In the film, License to Farm, there’s a segment that acknowledges that most people’s view of farming is anchored in the past. Shots of the antique tractor collection at Saskatoon’s Western Development Museum and footage of a lovingly restored red McCormick tractor rolling through a parade emphasize this point.
Two or three generations ago, few farmers needed to tell anyone how they grew food. In 1931, when the government first compiled statistics on rural Canada, more than 45 per cent of the population were either farmers or part of the communities that supported farmers.
But then technology happened. Farmers switched from pulling implements with horses to using tractors and ever-more-sophisticated machinery. As less labour was needed to work the farms, people moved to the city. By 2011, the farm population comprised a mere two per cent of Canadians.

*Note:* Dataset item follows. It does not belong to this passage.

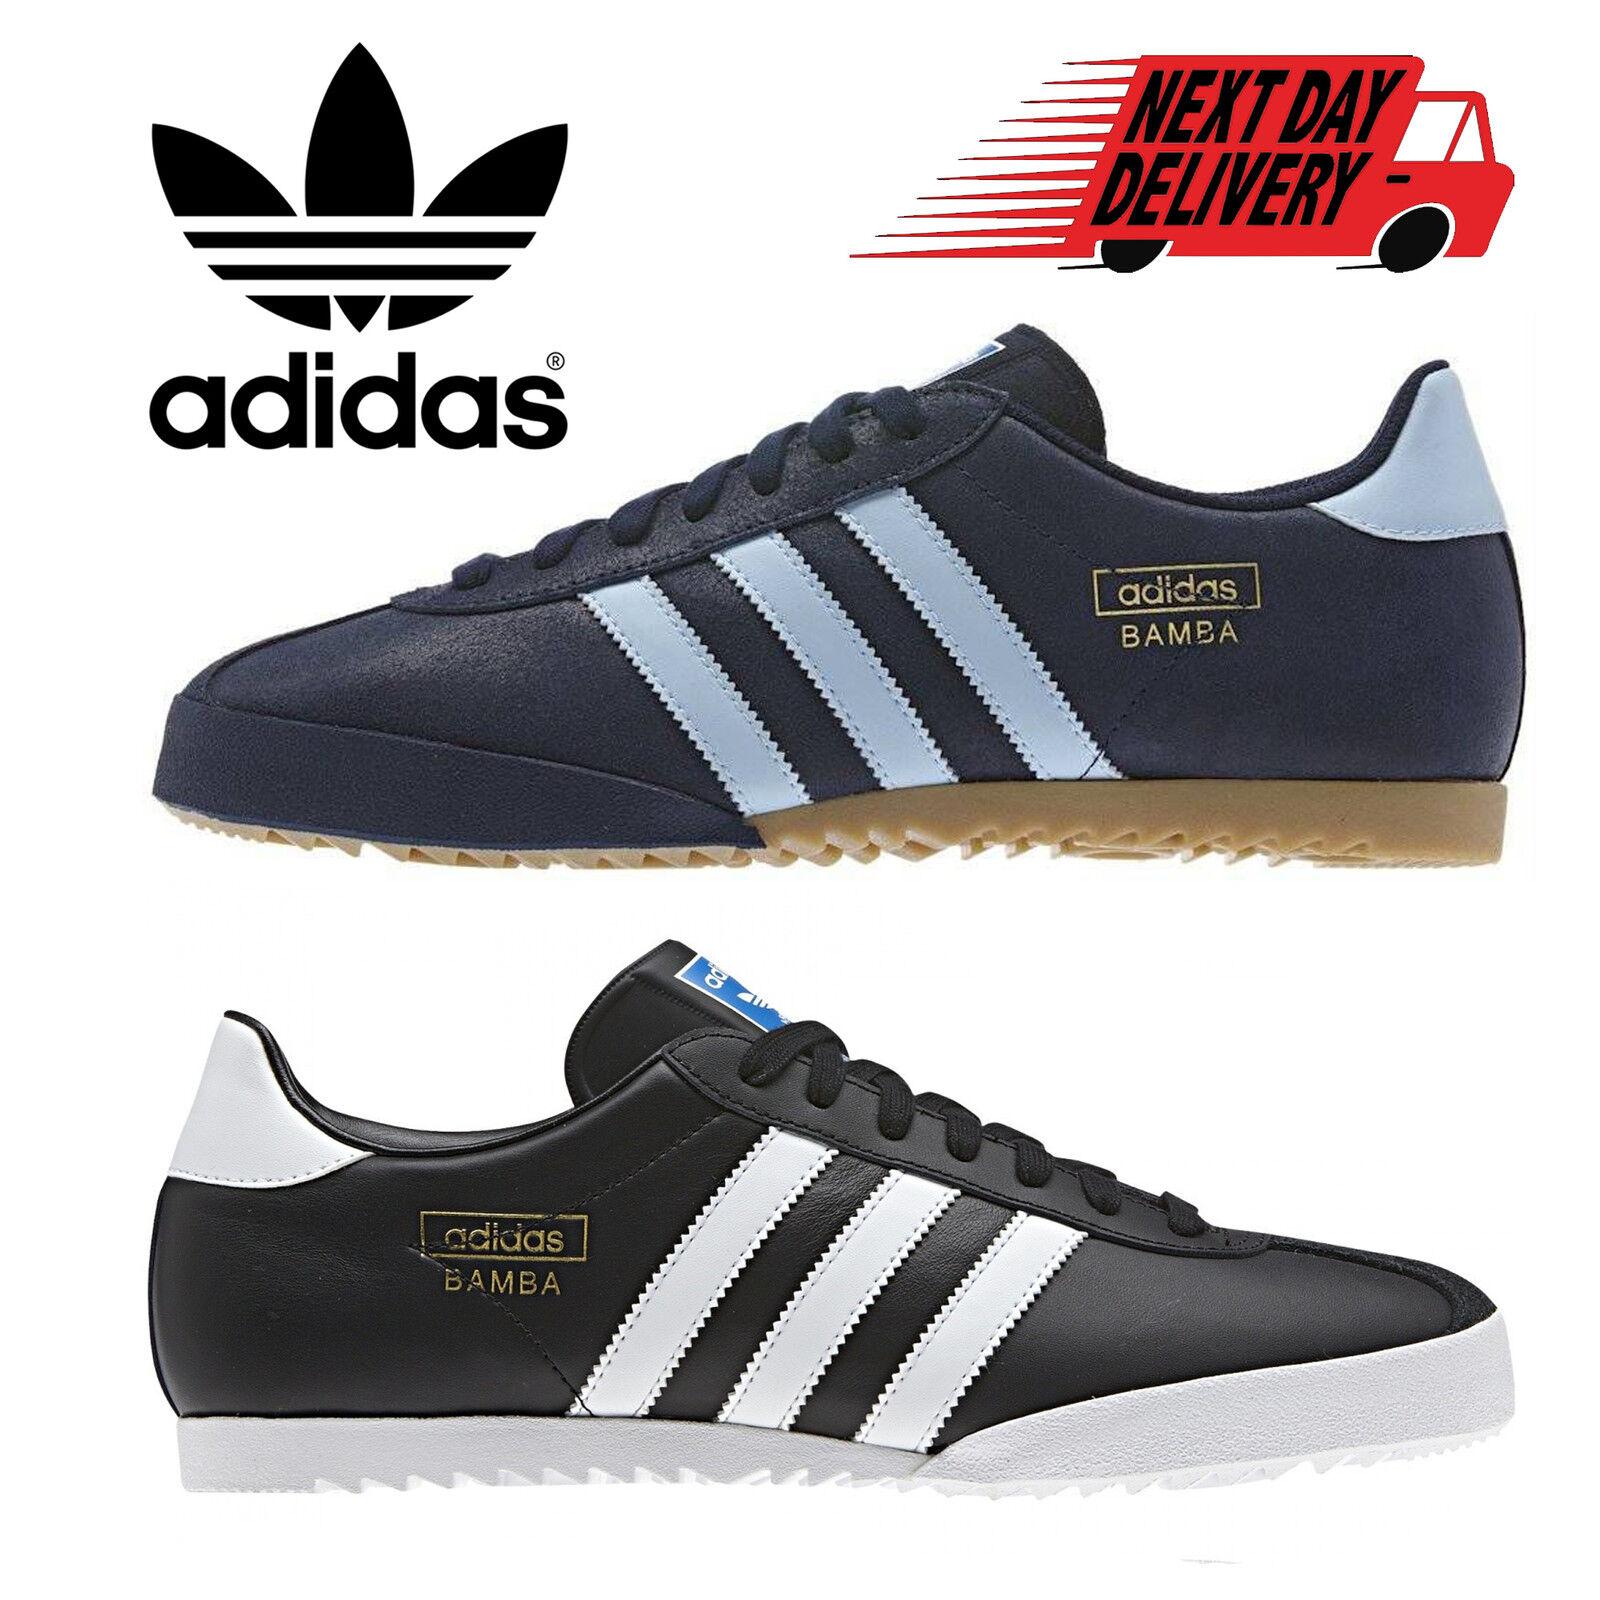 Adidas Originales Bamba Para hombre Zapatillas Casual Retro Zapatillas de deportes

Few people today have direct experience or knowledge of what it takes to run a successful farm.
Many city dwellers may have ancestral memories of farming, but it’s an image of days long past: Grandpa in his straw hat and bib overalls, loading the press drill behind that red McCormick tractor, with a five-gallon-pail full of seed he saved from the previous year’s crop; Grandma milking the family cow and gathering eggs every morning to feed a gaggle of kids.
It’s a pleasant, nostalgic image when experienced after the fact and far away, secure in the comfort of a modern city home. But it’s an image that leaves out details, such as those kids going out to the fields to pull weeds, dusk-to-dawn work to care for animals and gardens, then slaughter and preserve meat, harvest, preserve, and store vegetables. It leaves details such as Grandpa’s first task on a winter morning: lighting the fire in the stove in a house grown so cold overnight that water in the bucket was frozen over.
Modern farming is perhaps no less work, but in many ways much more comfortable – and productive – than the idealized version. It’s also alien to most people.
The cab of a modern combine can resemble the cockpit of an airliner in its complexity. On-board computers display precise maps of a field, overlaying yield data with input data, allowing a farmer to plan next year’s crop while completing the harvest. In the spring, similar systems allow seed and fertilizer to vary over the field as needed, saving input costs and reducing environmental impact, such as runoff from excess fertilizer.
Technology – specifically biotechnology – has also revolutionized crop development. For example, farmers love GMO (genetically modified organism) crops. They have adopted them faster and more broadly than any other agricultural innovation in history, because they allow crops to be grown more easily and with less environmental impact. But some non-farmers hate GMOs, launching vociferous campaigns against their use – even for humanitarian purposes.
At the same time, the growth of farmers’ markets, and marketing buzzwords like “organic” and “natural,” are well-received by the food-buying public. Such words conjure up the wholesome, nostalgic image of Grandpa in his bib overalls, and Grandma in her gingham dress.
It’s a familiar image, a comforting one, but also out of date – and it threatens modern farming. Urban people, several generations removed from the farm and with an outdated view of how their food is produced, are vulnerable to misinformation and scare tactics.
Farmers are a fiercely independent bunch, but License to Farm warns that activists are working to take away this independence. Farmers are in danger of losing the freedom to manage their land in the way they choose, using what they deem the best tools for the job according to their experience and expertise.
But the same technologies that allow farmers to check commodity prices from their laptops on the combine give them the tools to make their voices heard. Through social media, blogs, posting brief video “ride alongs” from their cell phones, they can speak directly to their urban cousins. They need not let silence take away their “license to farm.”
Michael Robin is a Saskatoon-based freelance writer.